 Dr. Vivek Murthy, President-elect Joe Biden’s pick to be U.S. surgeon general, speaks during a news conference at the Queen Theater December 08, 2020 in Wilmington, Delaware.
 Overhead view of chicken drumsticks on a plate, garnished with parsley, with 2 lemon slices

...

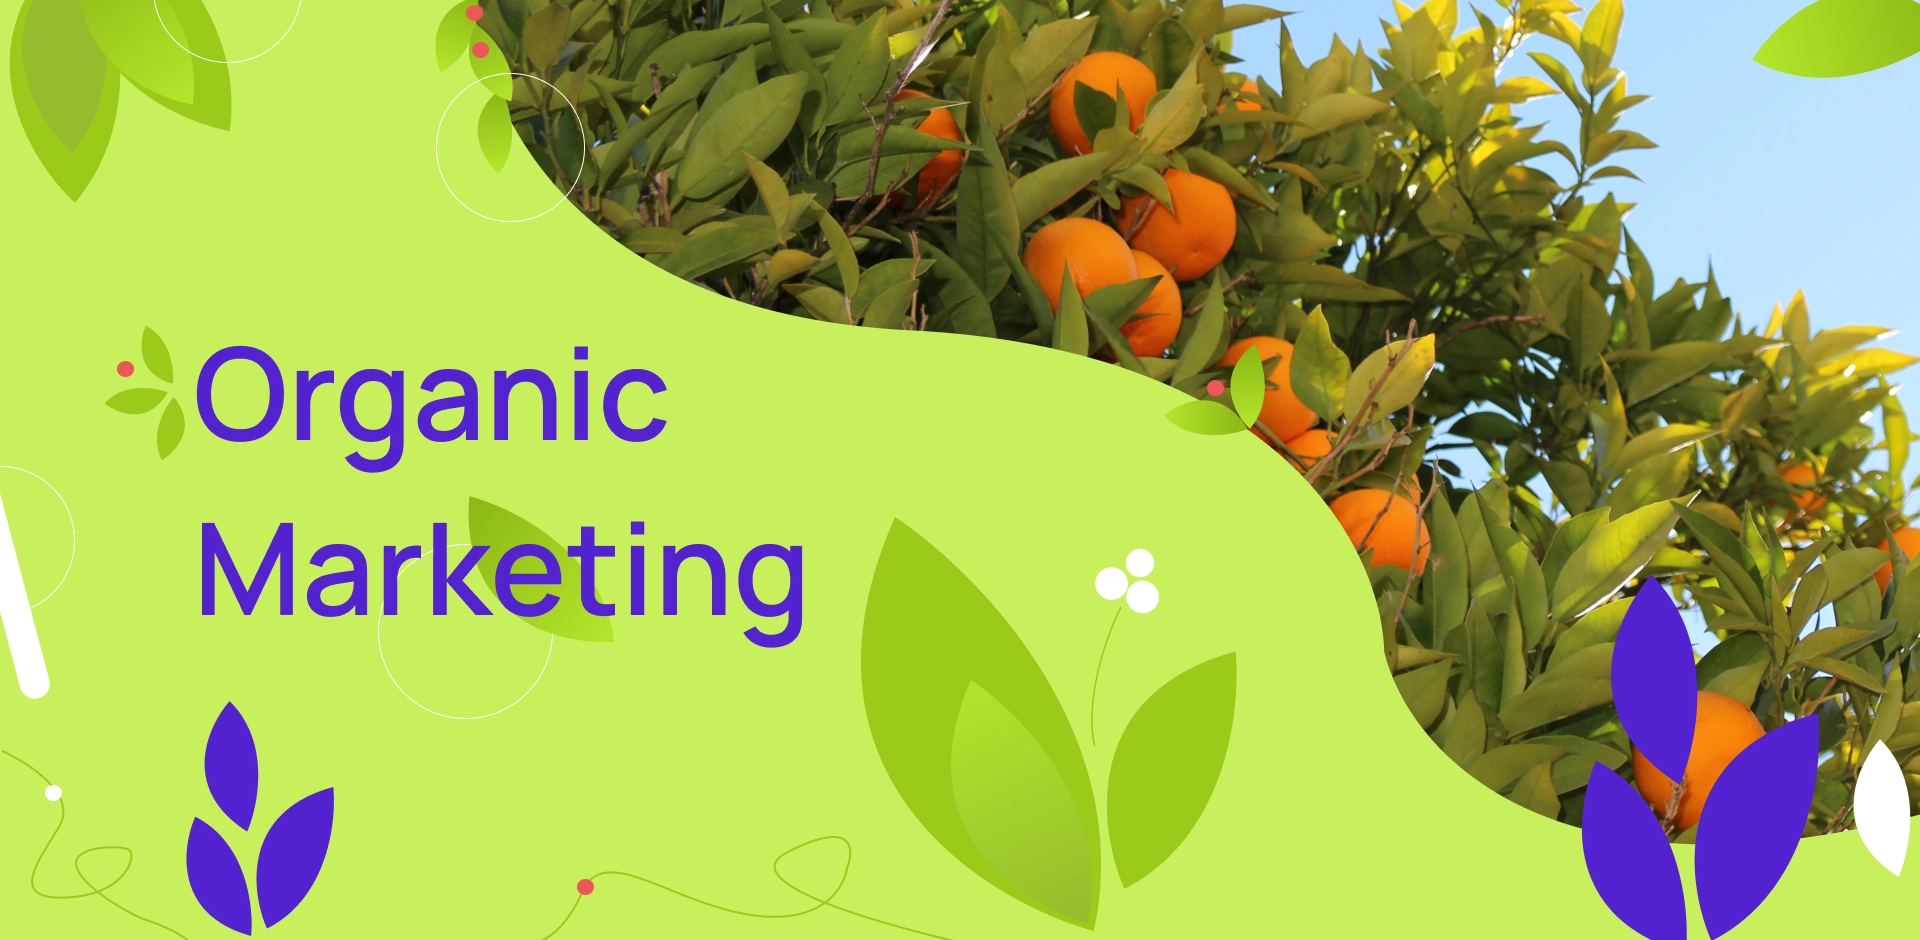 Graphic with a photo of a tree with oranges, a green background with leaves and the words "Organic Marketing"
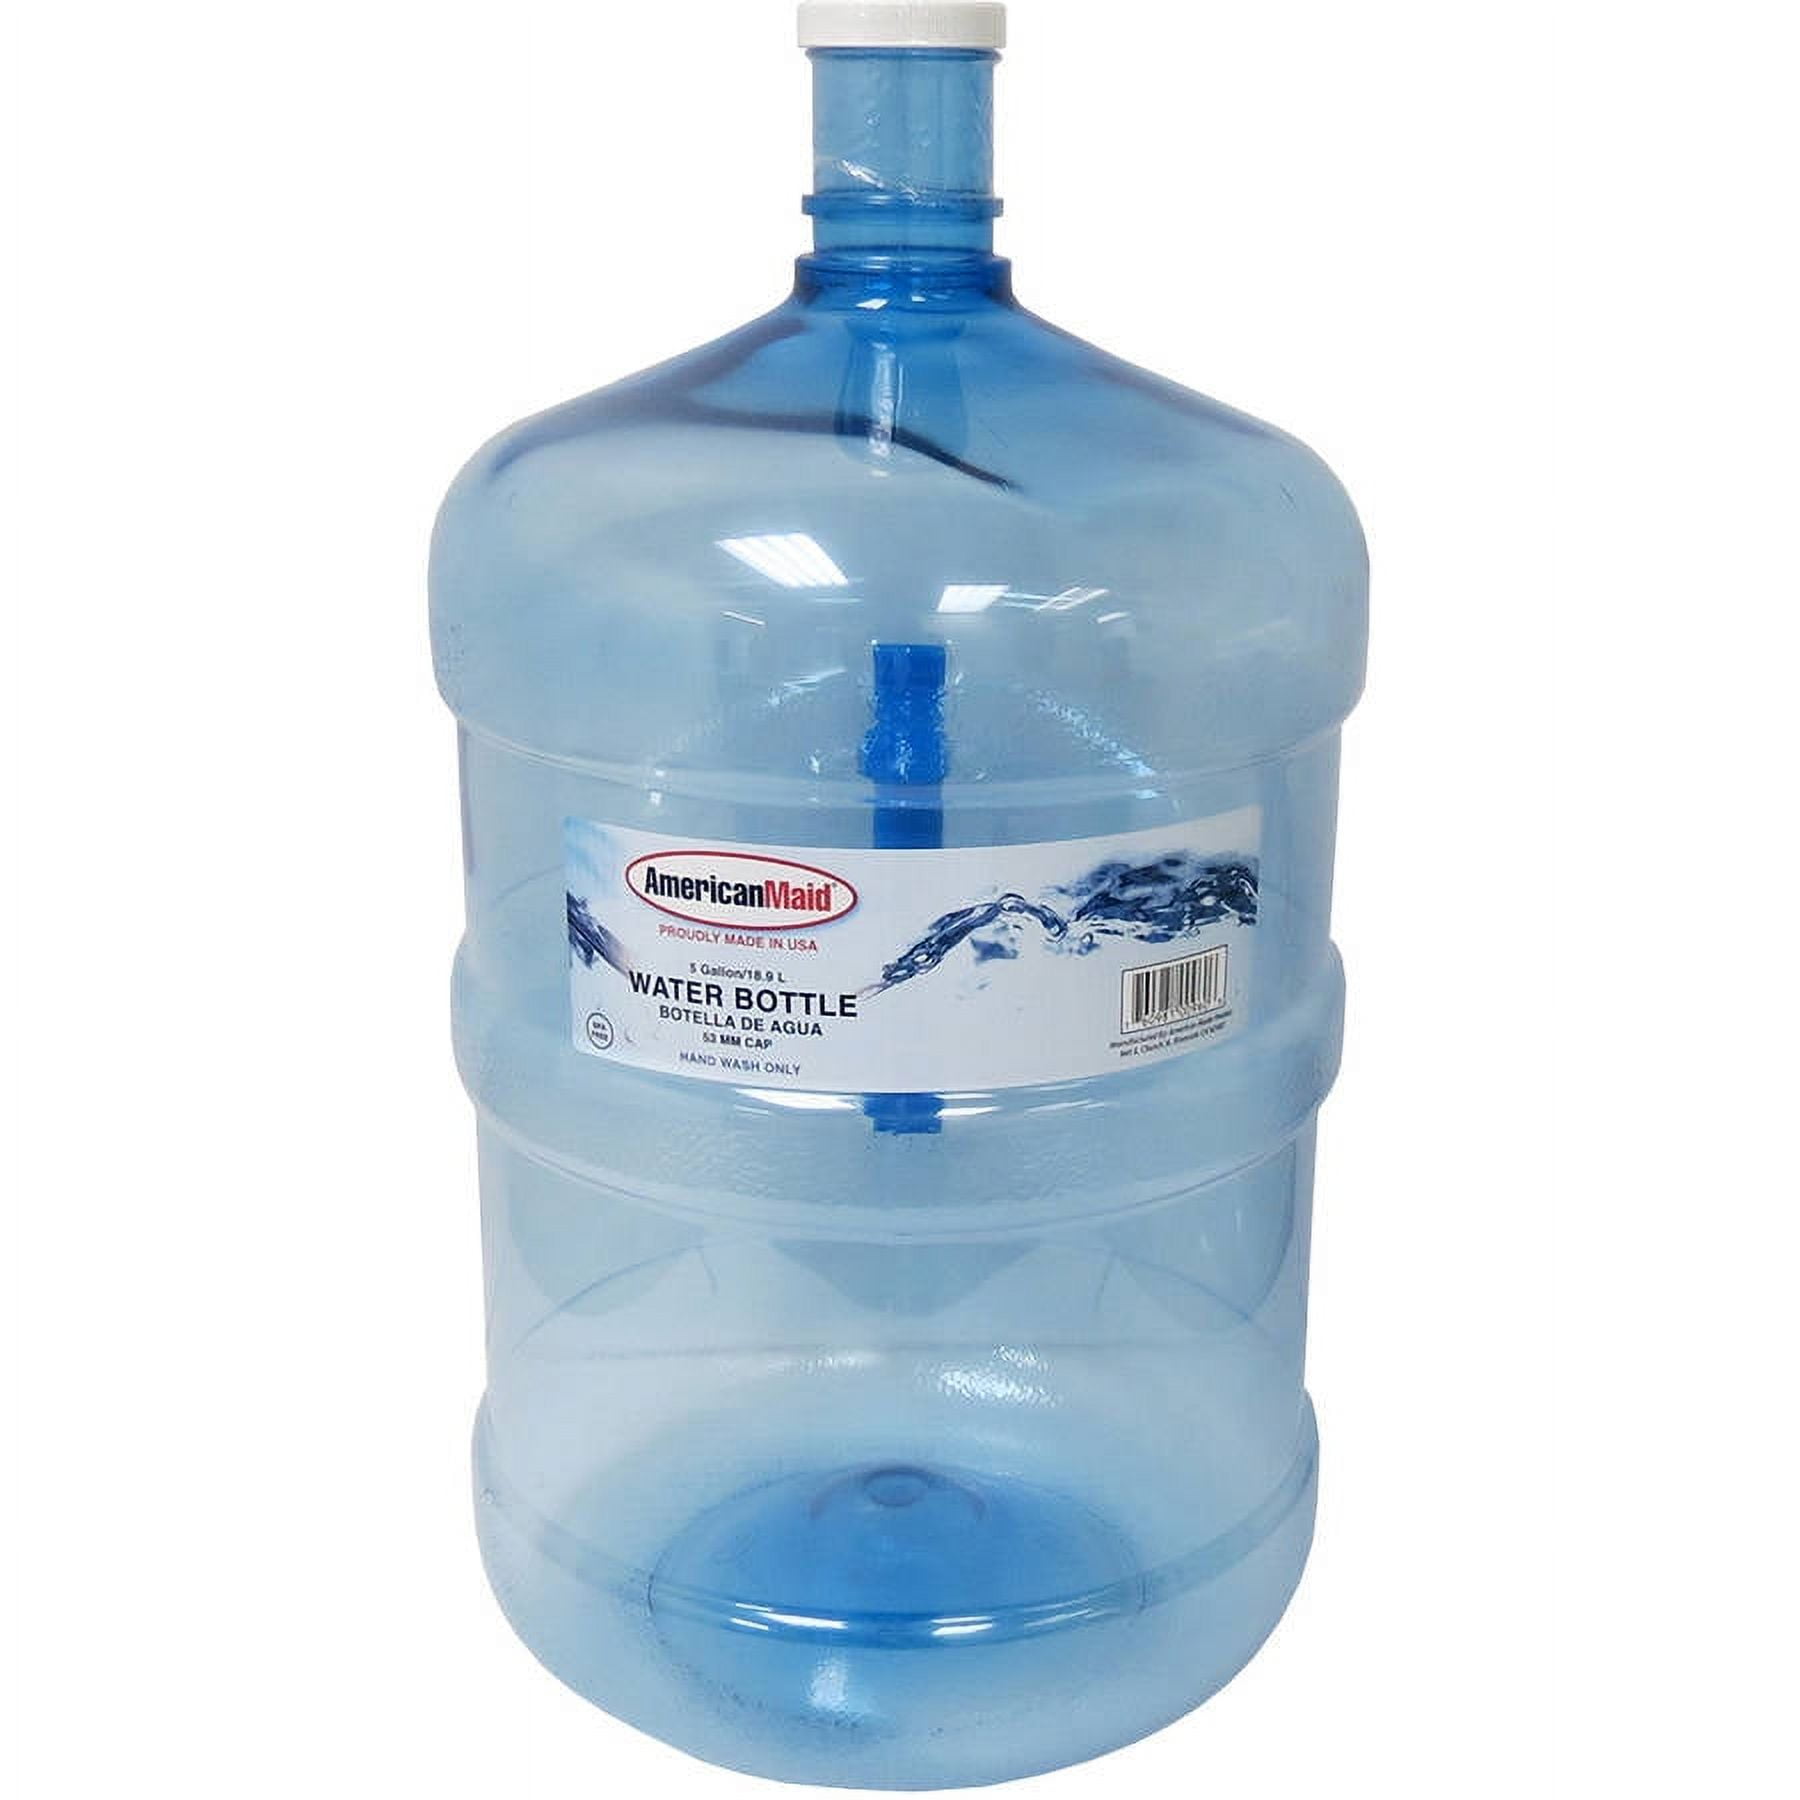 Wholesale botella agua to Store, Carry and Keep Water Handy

YOUR OBJECTIVE → Only the lines above from the one with "Dr. Vivek Murthy, President-elect" through the one with "Overhead view of" should be duplicated, character for character.

WRITTEN SOLUTION →
 Dr. Vivek Murthy, President-elect Joe Biden’s pick to be U.S. surgeon general, speaks during a news conference at the Queen Theater December 08, 2020 in Wilmington, Delaware.
 Overhead view of chicken drumsticks on a plate, garnished with parsley, with 2 lemon slices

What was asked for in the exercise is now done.